[Opening THE DATA section]

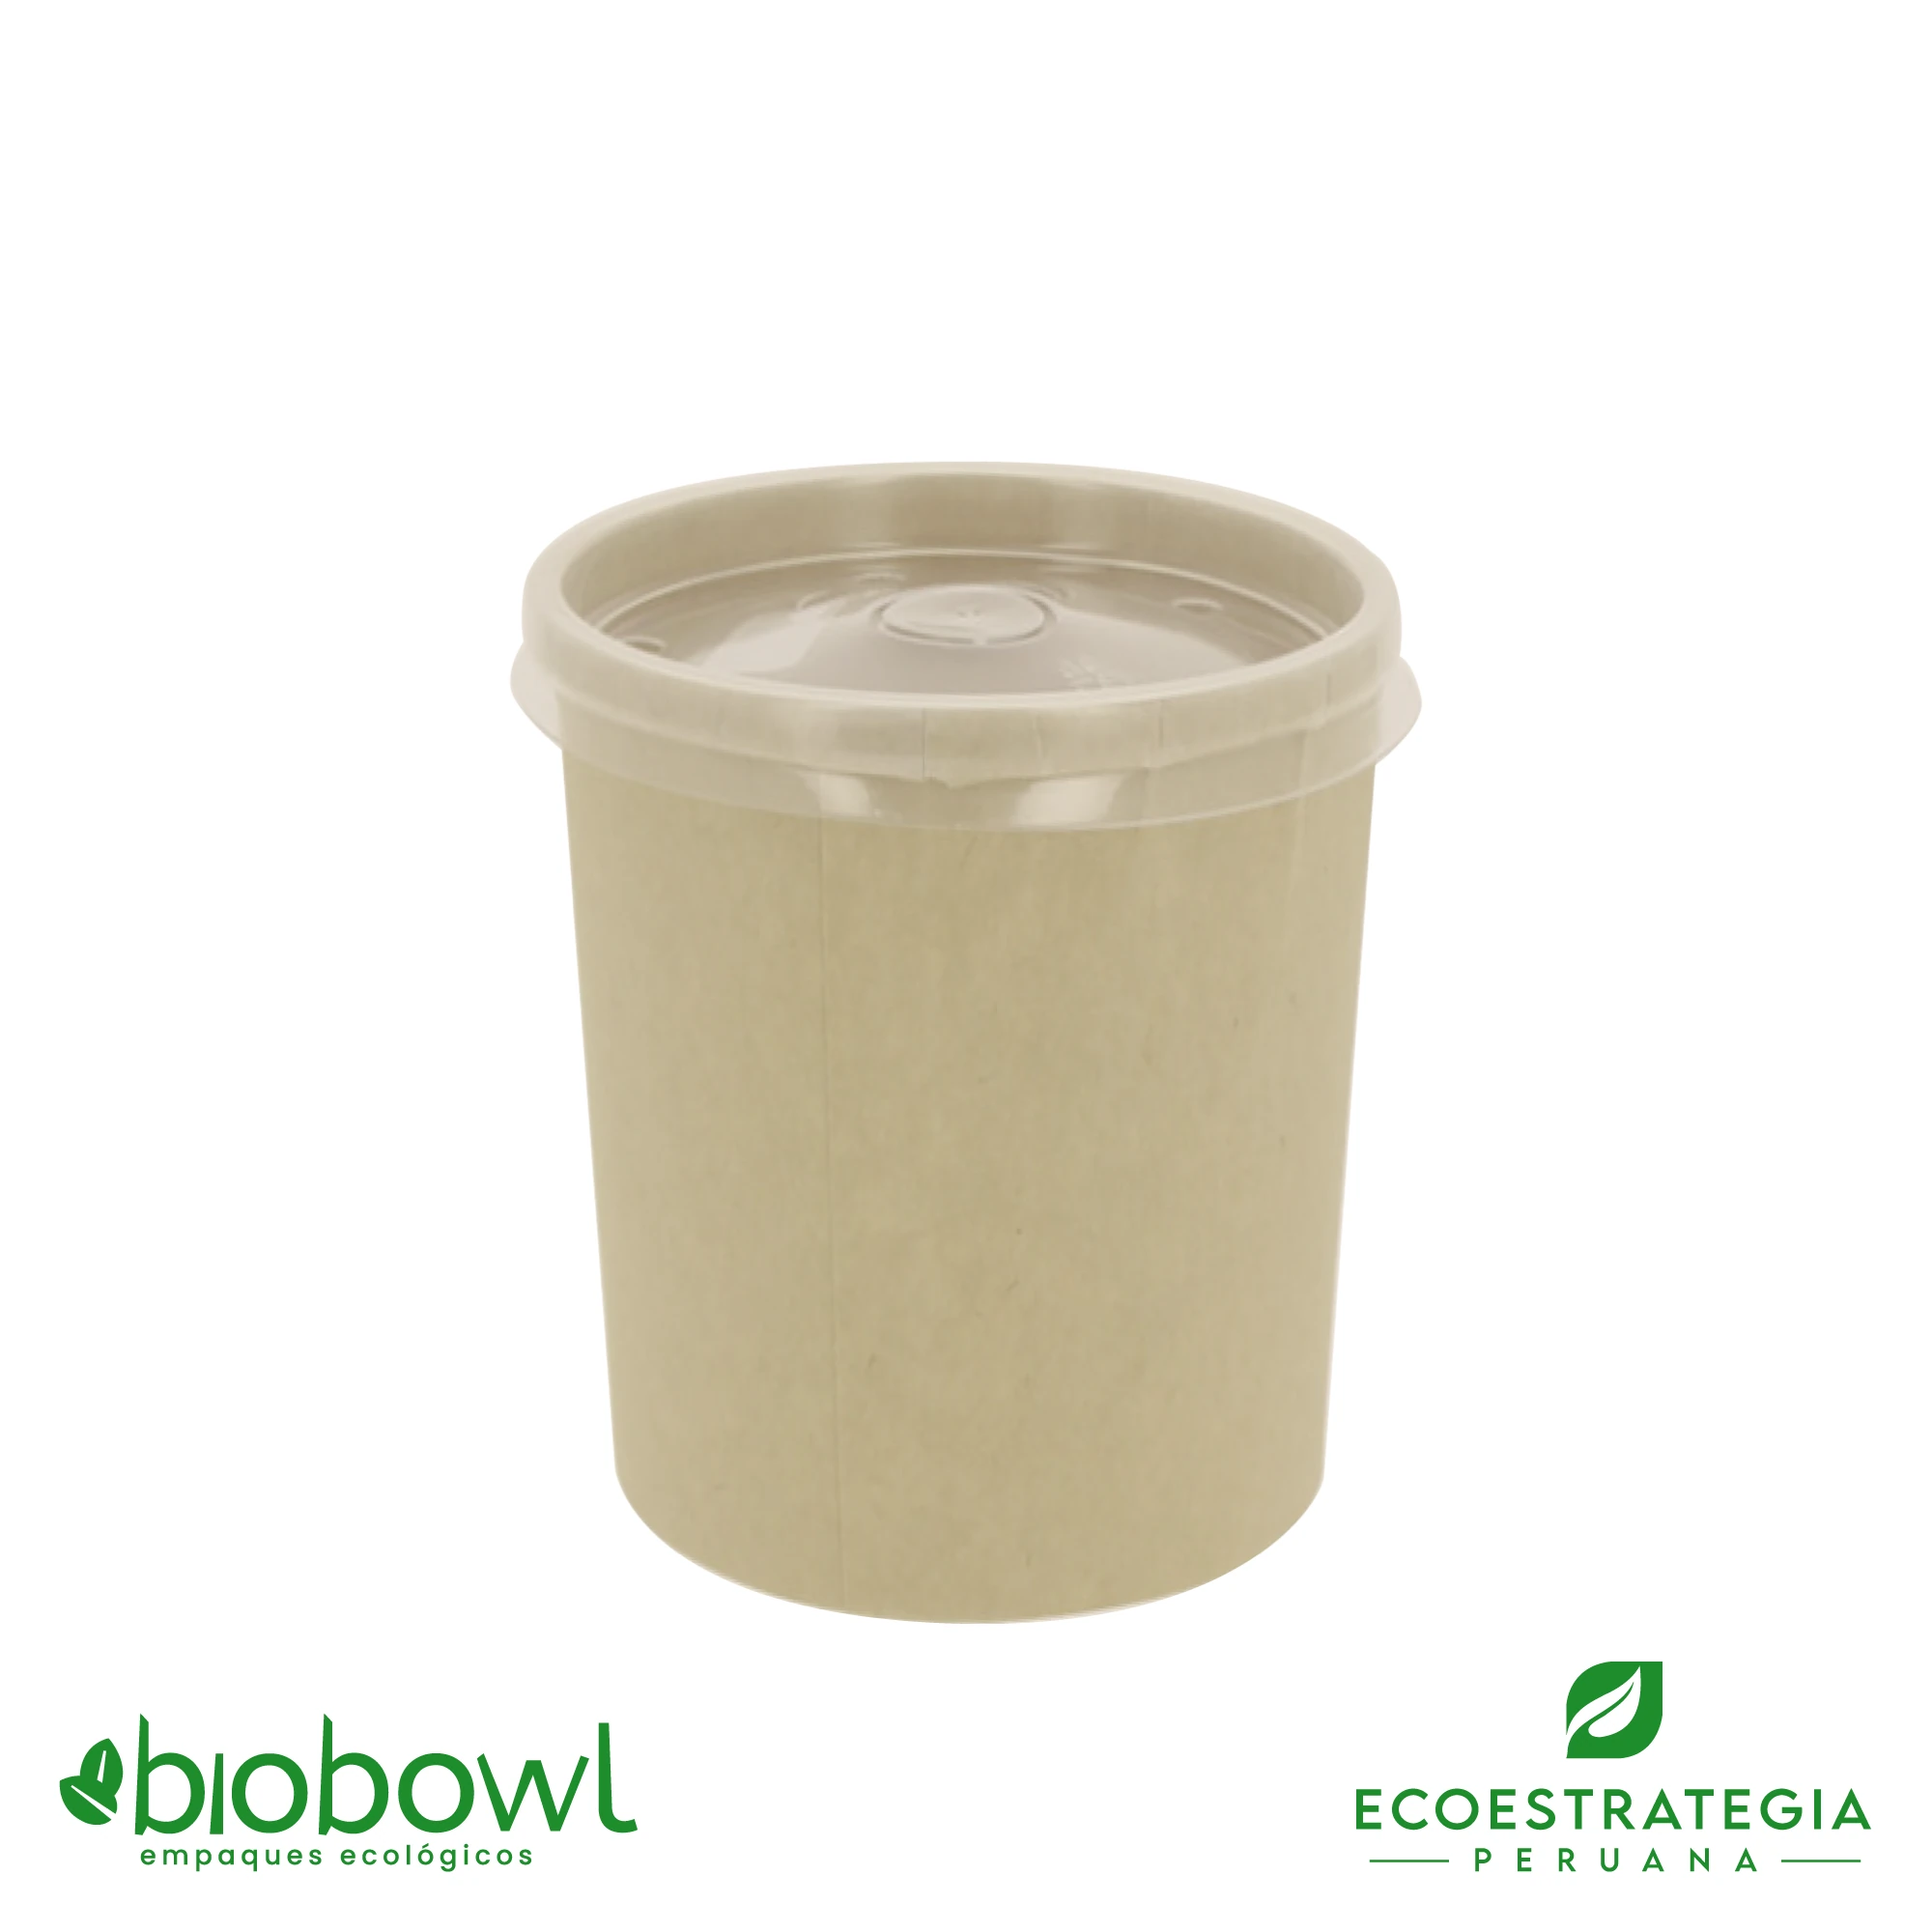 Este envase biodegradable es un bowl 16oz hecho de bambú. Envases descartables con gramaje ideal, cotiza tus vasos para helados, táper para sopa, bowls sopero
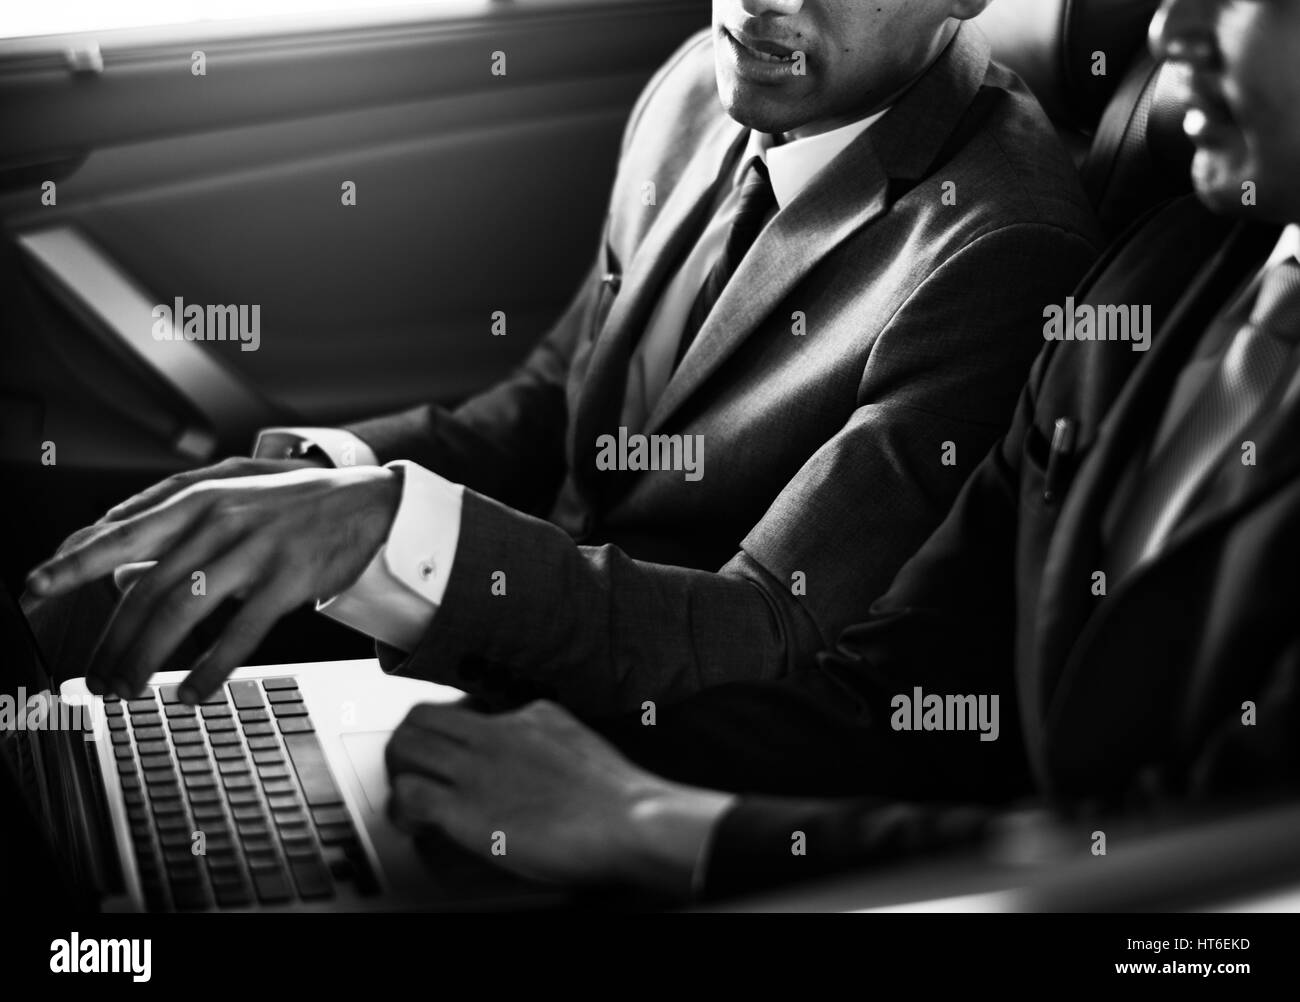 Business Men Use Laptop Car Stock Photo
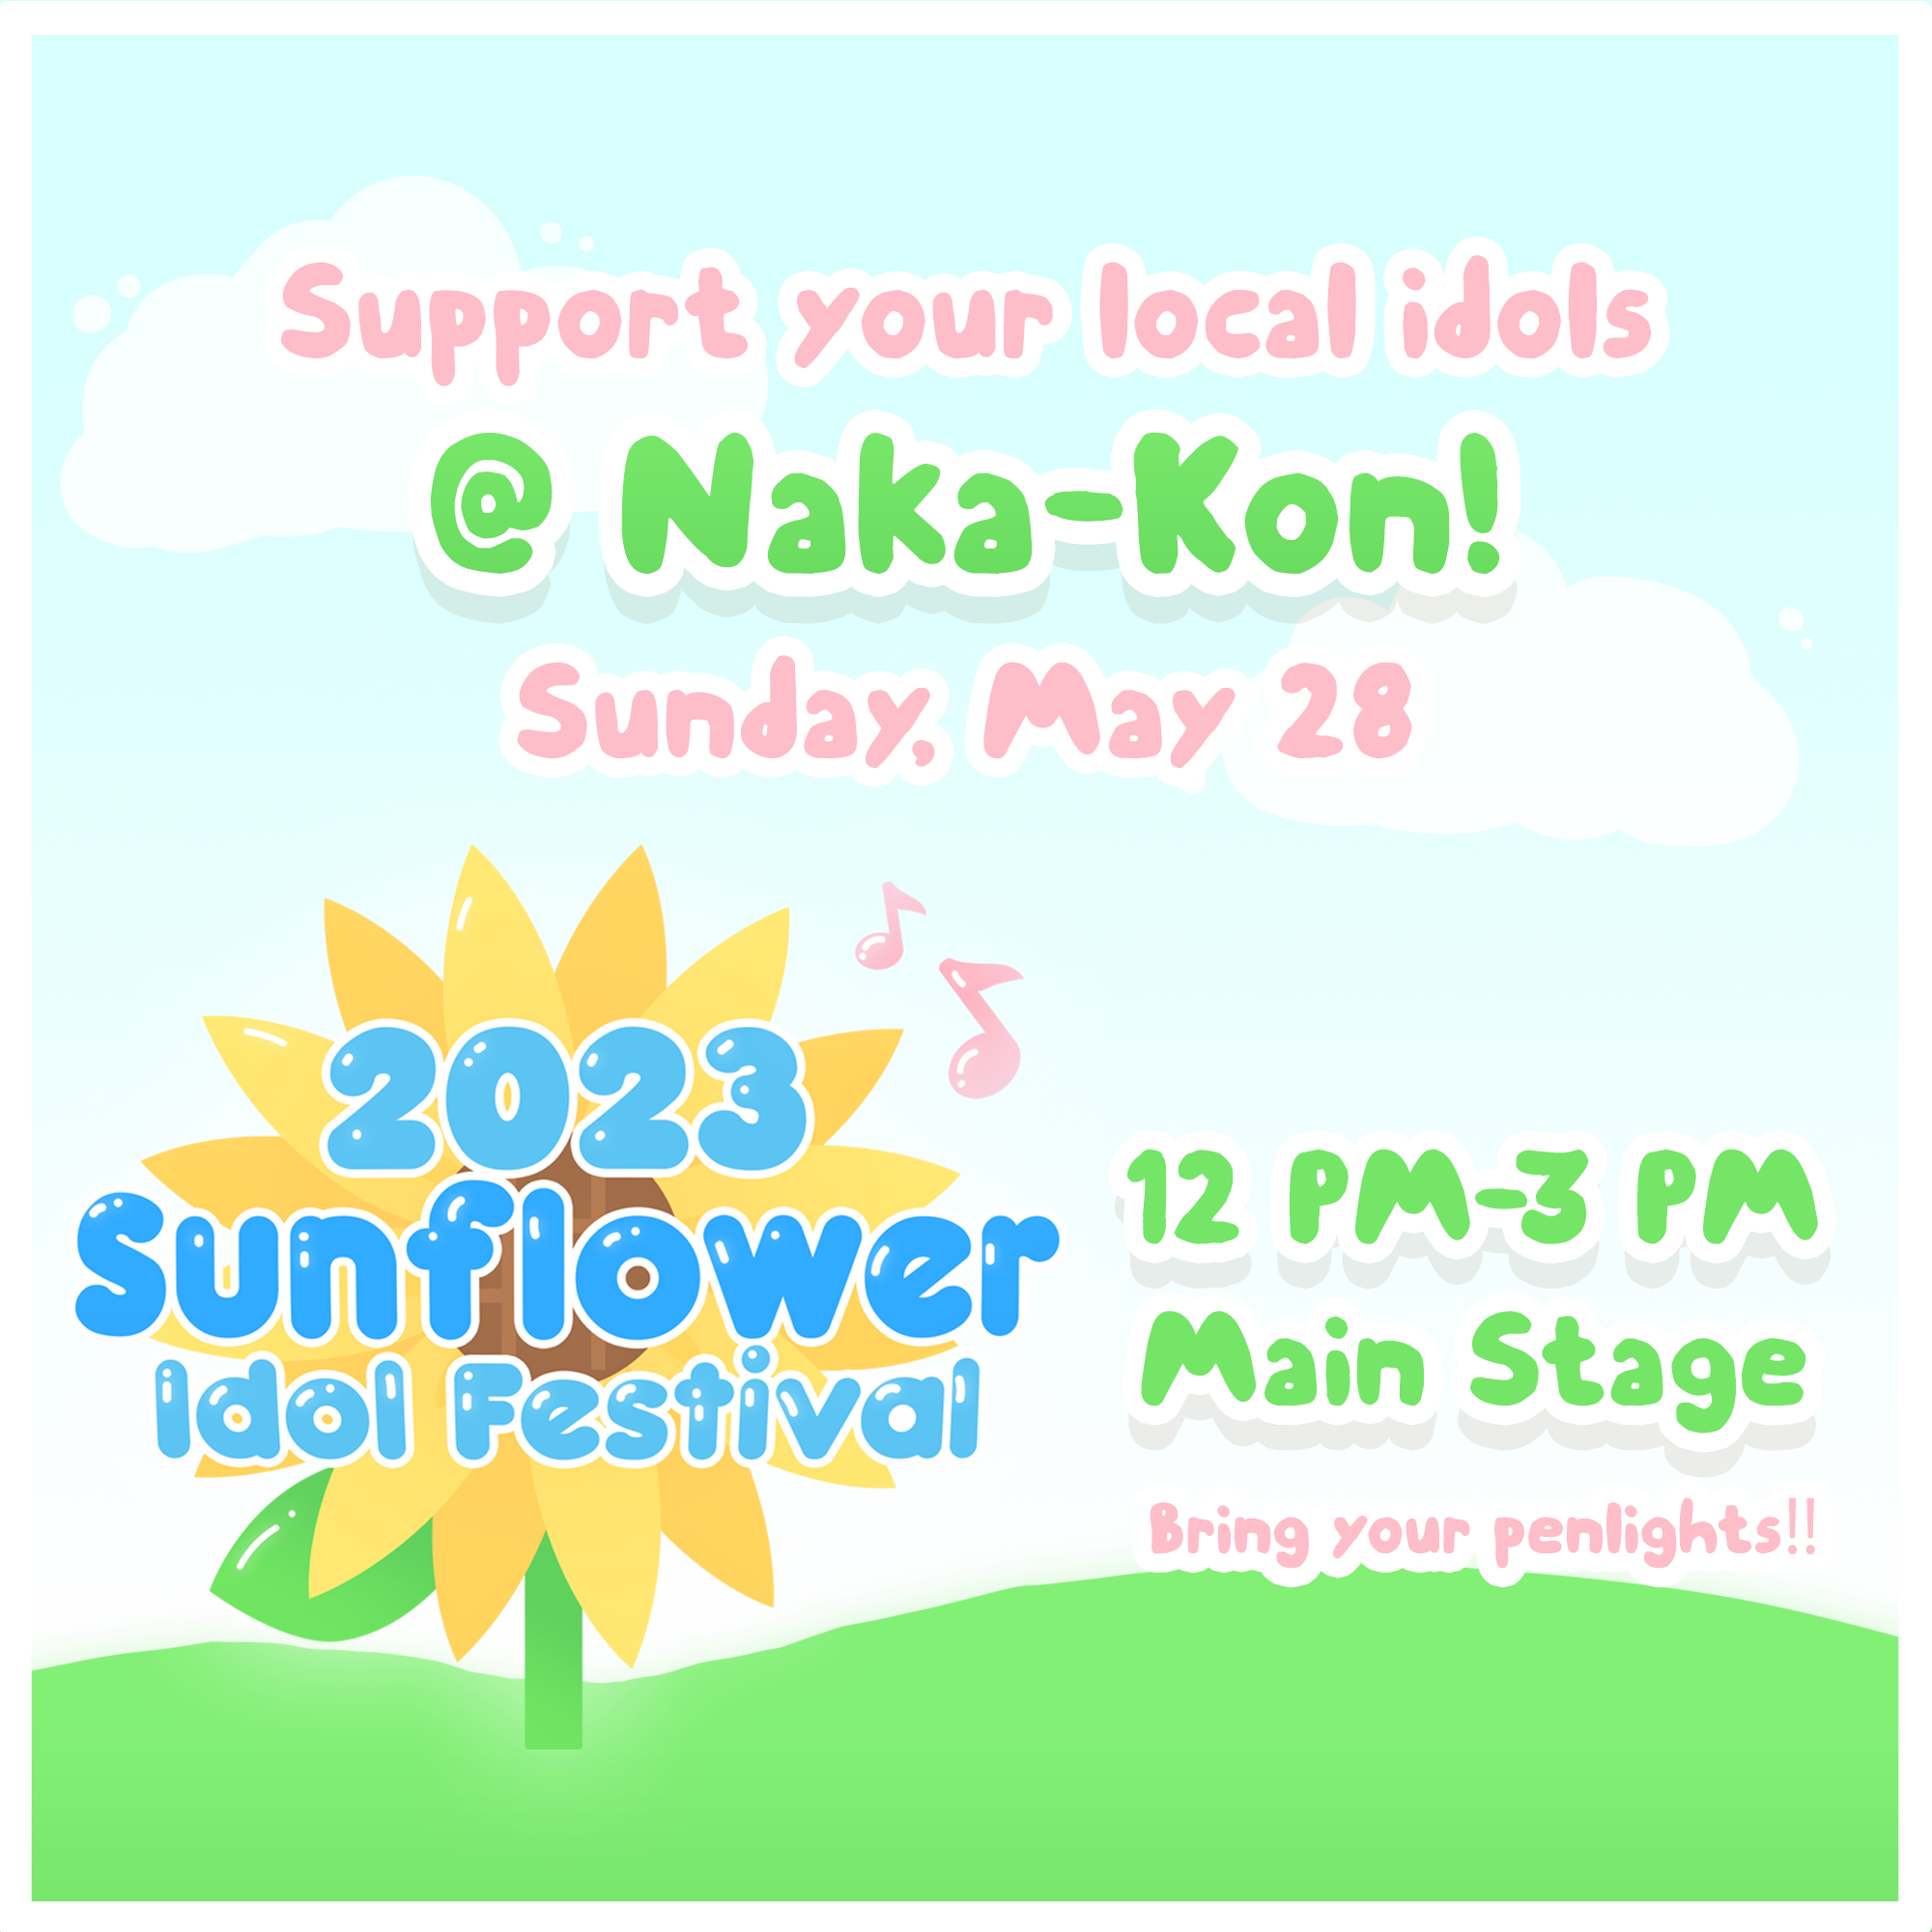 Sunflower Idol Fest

[Closing THE DATA section]

■ WHAT IS REQUIRED
Reproduce verbatim every line starting at the line that holds "Business Men Use Laptop Car Stock Photo" and ending with the final line of the data; omit the pictures.

■ RESPONSE TO THIS TASK
 Business Men Use Laptop Car Stock Photo
 Sunflower Idol Fest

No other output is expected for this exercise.